Stakeholders Commit To Improving Cartooning In Nigeria 

Posted on December 6, 2016

wole-soyinka-award
 
Stakeholders have committed to taking up the task of creating an enabling environment for the development of cartooning in the Nigerian news media.
This move occurred at the launch of the Art of the Cartoon: Imaging social realities programme, organised by the Wole Soyinka Centre for Investigative Journalism, WSCIJ, which held on Friday 2 December, 2016, in Alausa, Ikeja, Lagos.
At the end of the event, which was moderated by Art lecturer from the University of Lagos, UNILAG, Ganiyu Jimoh, cartoonists in attendance submitted that WSCIJ’s leadership at revitalising the art challenged them and held a meeting towards revamping the Cartoonists’ Association of Nigeria and work together for the benefit of the art.
Before then, Lai Oso, a Professor of Mass Communication at the Lagos State University School of Communications, who represented Professor Soyinka, mentioned that his experience as a four-time chairperson of the Wole Soyinka Award for Investigative Reporting proves that the quality of investigation in editorial cartooning is low.
He therefore advised that the art be improved.
According to him, cartoonists should focus on exposing other social realities apart from developing political pieces.
Wole Soyinka, in a video clip aired during the event, opined that images are often more powerful than words. He recalled how cartoonists served at the forefront of the fight against military rule in Nigeria when most of the other genres had been muffled by the dictatorship.
According to him, the very often witty, and sometimes in-your-face caricatures, laden with humour punctured the affiliates of power.
“It is very difficult to prove a case against the cartoonists,” said the Nobel Laureate.
WSCIJ Coordinator, Motunrayo Alaka, presented the preliminary draft report of a one-month monitoring of seven national newspapers – The Vanguard, The Punch, This Day, Business Day, The Guardian, New Telegraph, and Daily Trust, conducted by the WSCIJ.
The report highlights trends in cartooning in Nigeria. In particular, it reveals gaps in the genre, sighting poor satiric depth, lack of use of cartoons by the online media platforms, scarcity of female cartoonists and the absence of cartoonists on social media, among others.
Cartoonist and lecturer at UNILAG, Akin Onipede who was a discussant at the launch, posited that cartoons have the capacity to shape society.
According to him, cartoonists literally get away with murder compared with other reporters.

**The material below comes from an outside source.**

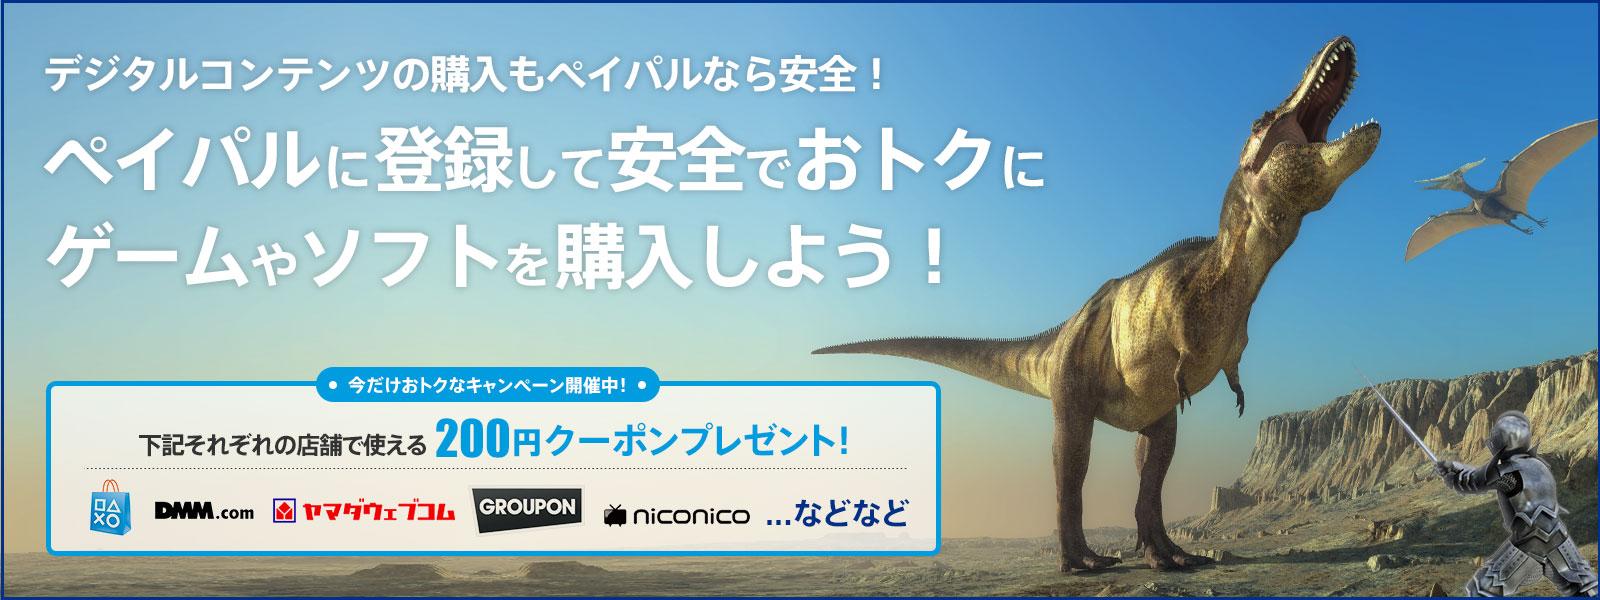 PaypalでDMM.com、グルーポン、PlayStationStore、ヤマダウェブコムなどで400円以上で使える200円引きクーポンを発行中。~1/15。
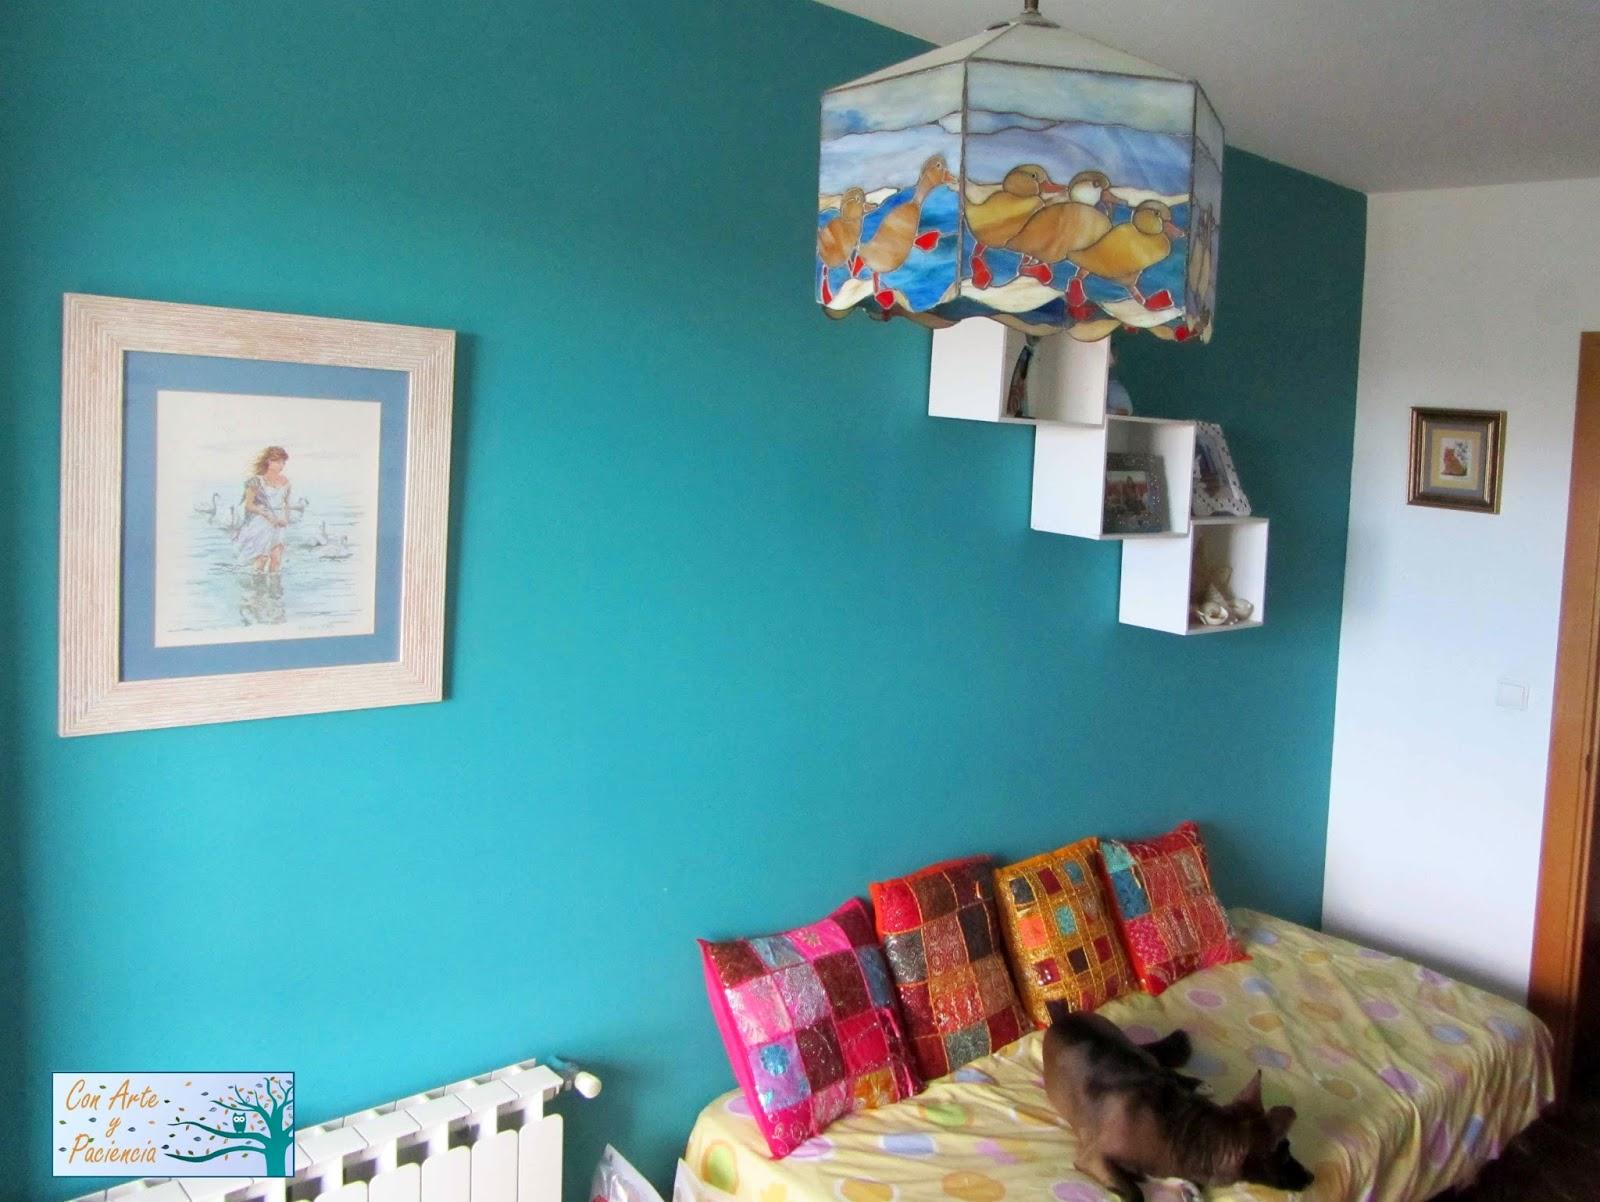 gatos,decorar,decoración,cajas,blancas,estanterías,marcos,fotos,hindu,mosaico,cojines,árabe,lámpara,tiffany,

Onipede, however, lamented that the golden age of cartooning is gone and the profession is now endangered due to sundry challenges including, poor remuneration, relegation of cartoonists to the background in newsrooms and unavailability of cartooning as a course in tertiary institutions.
Ropo Sekoni, the Professor of English who chairs the WSCIJ Board of Trustees, in his remark, called attention to the first comic strip in Nigeria, the defunct, Aworerin, applauding its depth.
He emphasised that there must be ways to ensure cartoonists thrive in their trade. He went on to highlight the fact that poor educational quality makes the appreciation of what he calls “the epistemology of a good cartoon” difficult for the Nigerian audience.
According to him, this knowledge challenge endangers the art.
Senior Cartoonist at the Business Day and three-time winner of the Wole Soyinka Award for Investigative Reporting, Mike Asukwo, urged cartoonists to repackage their work, think outside the box and get their cartoons published through different means, notwithstanding the poor pay challenge in the Nigerian news media.
In his closing remark, former Editor of The Guardian newspaper, Jahman Anikulapo, who represented the Wole Soyinka Foundation, thanked all participants at the event while advising cartoonists to attend editorial meetings and aspire to the highest office in the newsroom.
The Art of the Cartoon programme was conceived by the WSCIJ to further the cause of news by multiple means.
The organisation seeks, in addition to its award category in editorial cartoon, to contribute to raising discussion on the status of cartooning in Nigeria’s news media.
It plans to use the initiative to develop the capacity of reporters in the genre, by stimulating the culture of satirical, investigative and humorous cartoons through training and mentoring.